纤白素手无意间碰落榻头的瓷瓶,碎瓷片满地都是,清脆的声音惊了迷蒙的女子,她紧张地缩了缩,男人闷哼一声,挽住她腰的手青筋迸起。
纤手软软地垂在榻边,男人的大掌覆来,握住她的皓白腕子,捉她了回去,搭着他的腰。
青丝铺散,鬓发湿乱,芙蓉如面柳如眉。
湿漉漉的眼看不清面容,永宁不舒服地贴近男人,纤脖扬起一抹弧度,仰头亲吻男人的唇角,哀怨委屈,“坏人。”
刘胤轻笑,长指在腰窝摩挲,转圈,偏偏就是不如她愿,即便是大颗滚烫的汗滴落,额角青筋突起,也不动分毫。
他噙着笑看女子怨的模样,不时稍稍错开,那软热的娇唇又追了上来,亲吻他。
大抵是处于天生的劣性,刘胤慢慢松开手,欲直起身离去,女子温软的手圈住他劲瘦的腰,柔软的身子投入他怀中。
“别走。”永宁浅尝半分后,药效非但没有减轻,反而愈重,她分不清东南西北,只想依偎男人,与他亲近,将未成之事完完整整做好。
永宁缠抱他,难受地哭泣,两人的气息已经分不出彼此,冷冽的味道混着女子的香甜。
“真可怜吶。”刘胤垂眸,投怀送抱之人红唇翕动,溢出的声音却格外动听,呼出的热气洒在他的脖颈,烫痒难受。
“记住这是哥哥。”刘胤指腹轻压她的唇,沙哑的声音已忍到了极致,仍不忘将其他男人赶住她的脑海,低首在她耳畔,偏执道:“唤声哥哥,便帮你。”
永宁听话地喊他哥哥,湿漉漉的眼藏不住情欲万千。
刘胤心中一动,轻啄那双潋滟动情的眼,大掌托着她的后脑,吻住她的唇。
唇齿交缠,道出他心里偷藏的卑劣心思。
晚风冷凉,吹拂地上凌乱的罗裙,撩不尽他心上的弦,只想多饮得甘甜的佳酿。
纱幔飘扬,勾勒出的身影朦胧可见。
永宁不知被缠着喊了多少声哥哥,渐渐没了气力,软软地伏在刘胤的肩头,连求饶的机会都没有。

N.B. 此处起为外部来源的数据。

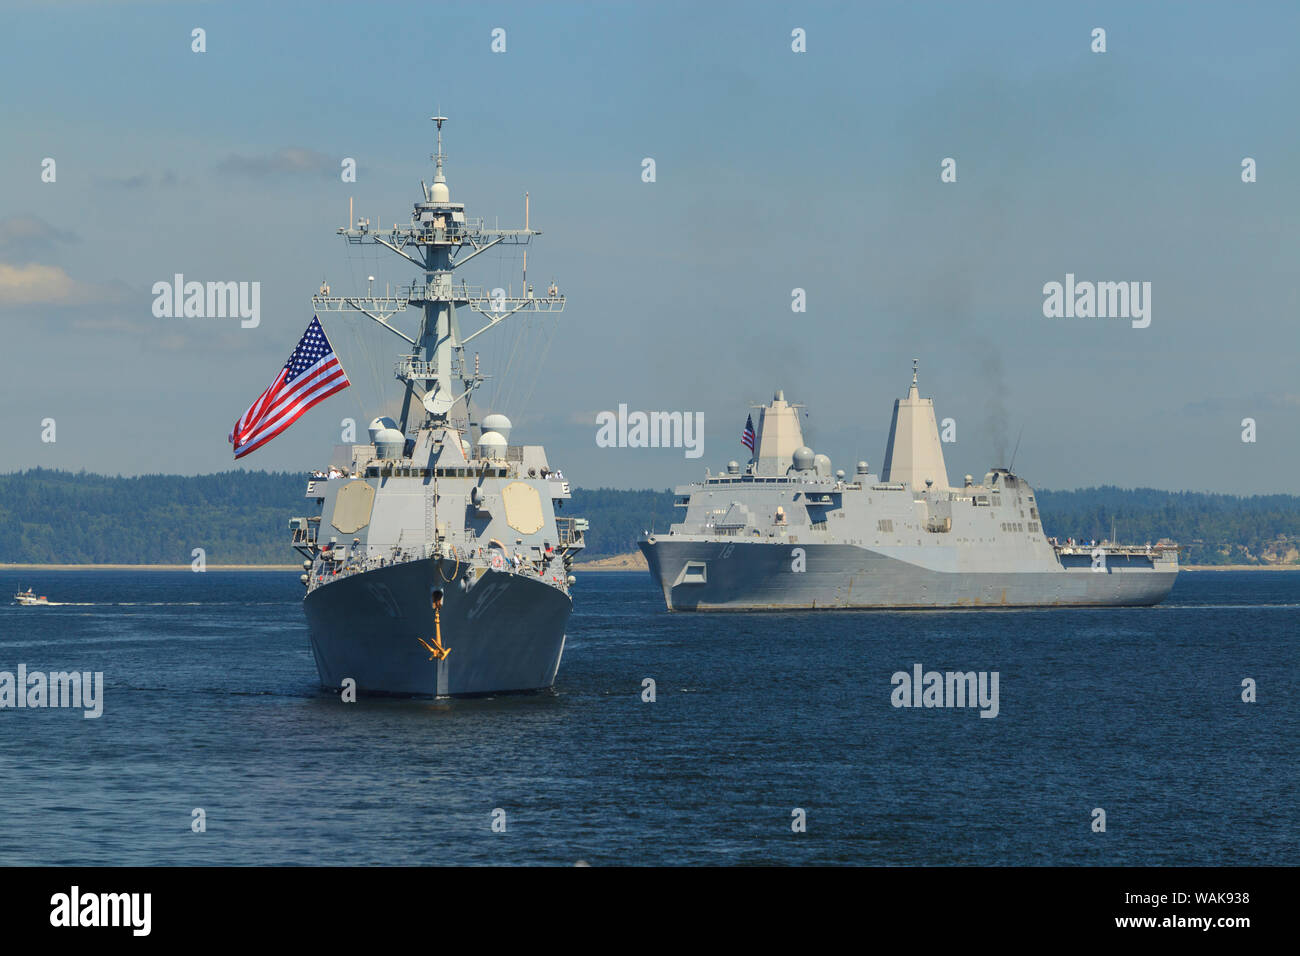 USS Halsey (destroyer) et USS New Orleans (Cruiser), visites à bord de l'USS Bunker Hill (CG 52), croiseur lance-missiles Seafair Parade Célébration des navires, la Fleet Week, Elliott Bay, Seattle, Washington State, USA Banque D'Images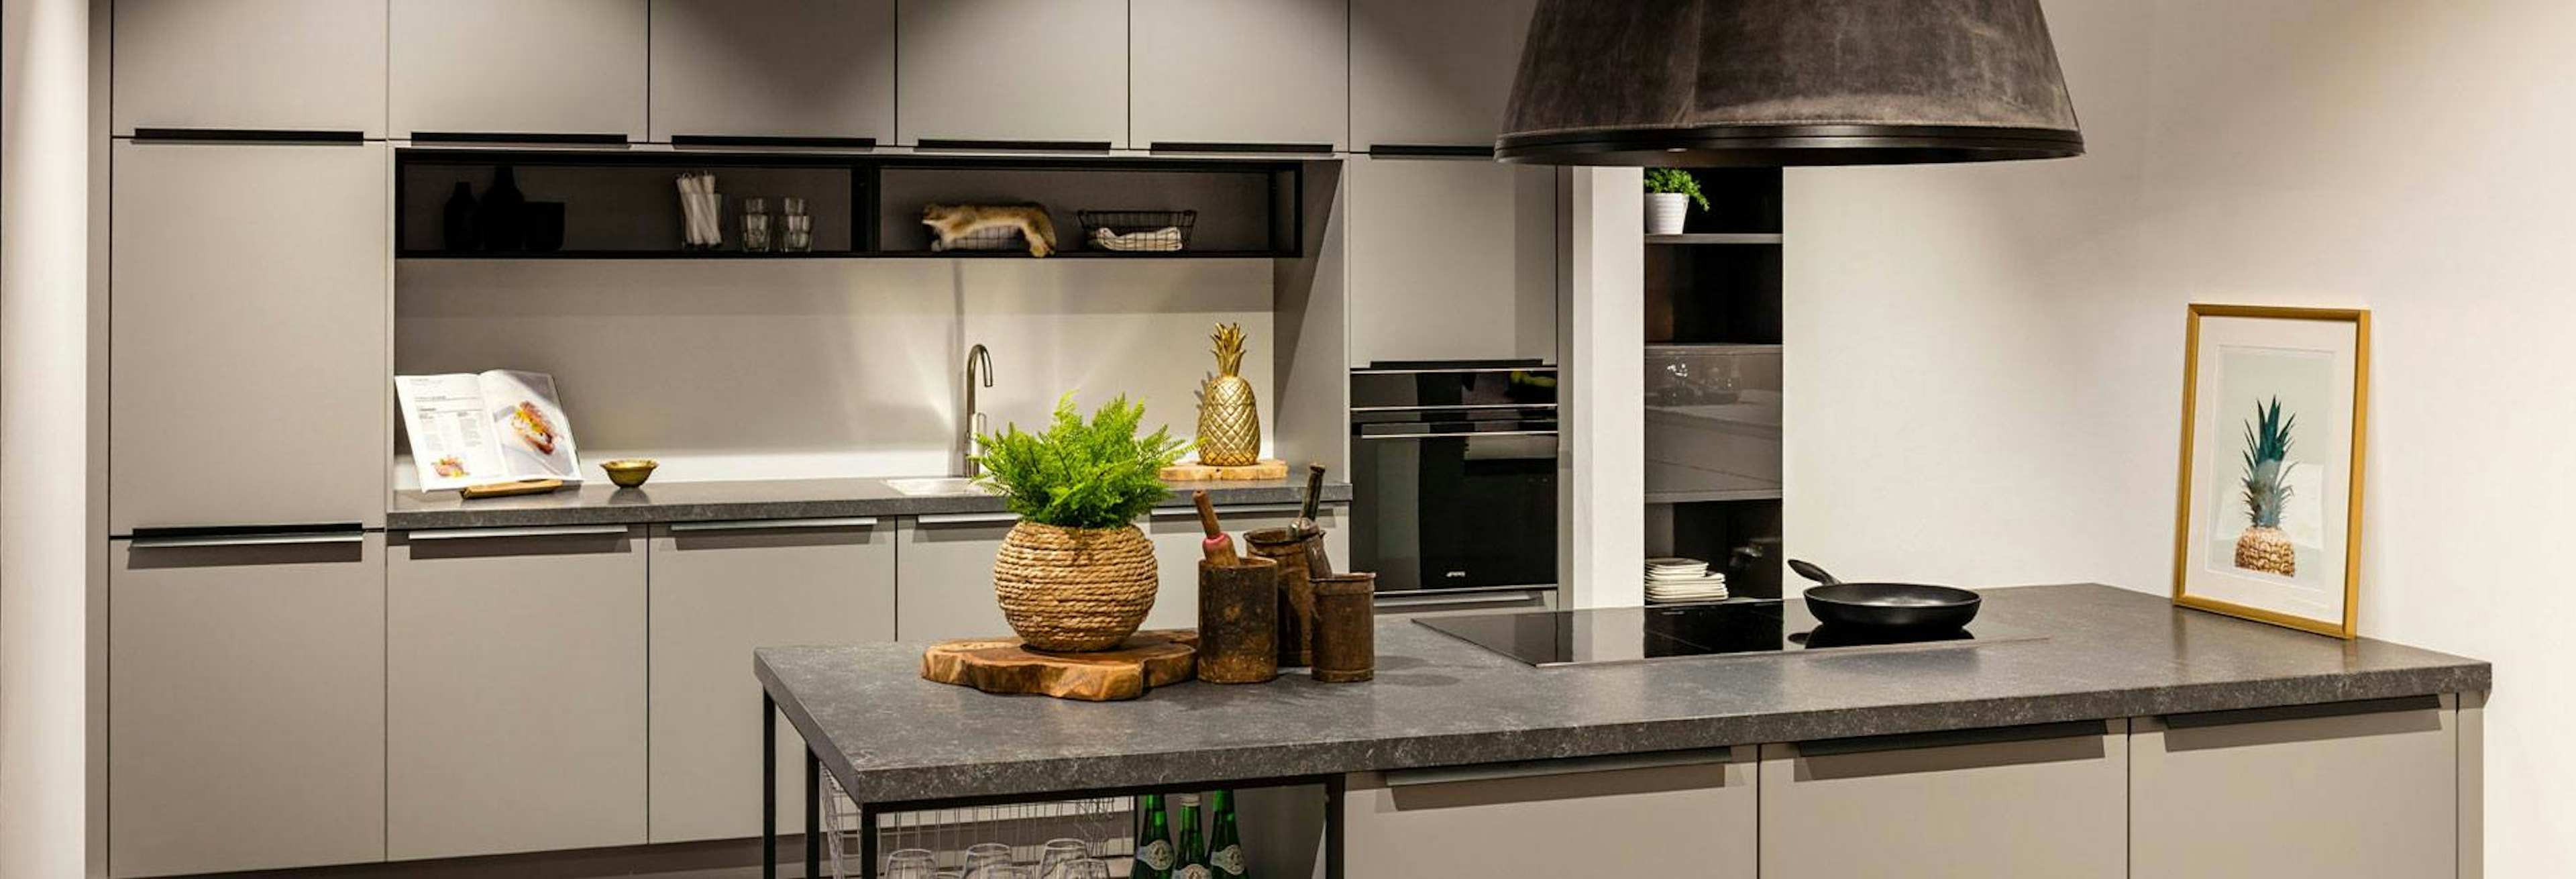 Design keuken met stijlvol kookeiland

刘胤抱起昏昏欲睡的女子,她皱着眉,轻声嘟囔,“不要了。”
刘胤亲亲她的唇,“困觉了?”
永宁轻嗯,纤纤玉臂搭在他的颈间,不过才片刻便呼吸绵长,睡了过去。
“真是娇气。”刘胤眼眸含笑,伸手轻轻捏了捏那薄红的香腮,素来冷厉的人竟露出温柔的一面。
床帐被放下,将月光挡在外面,寂静的夜里,架子床响动,夜半三更方才停歇。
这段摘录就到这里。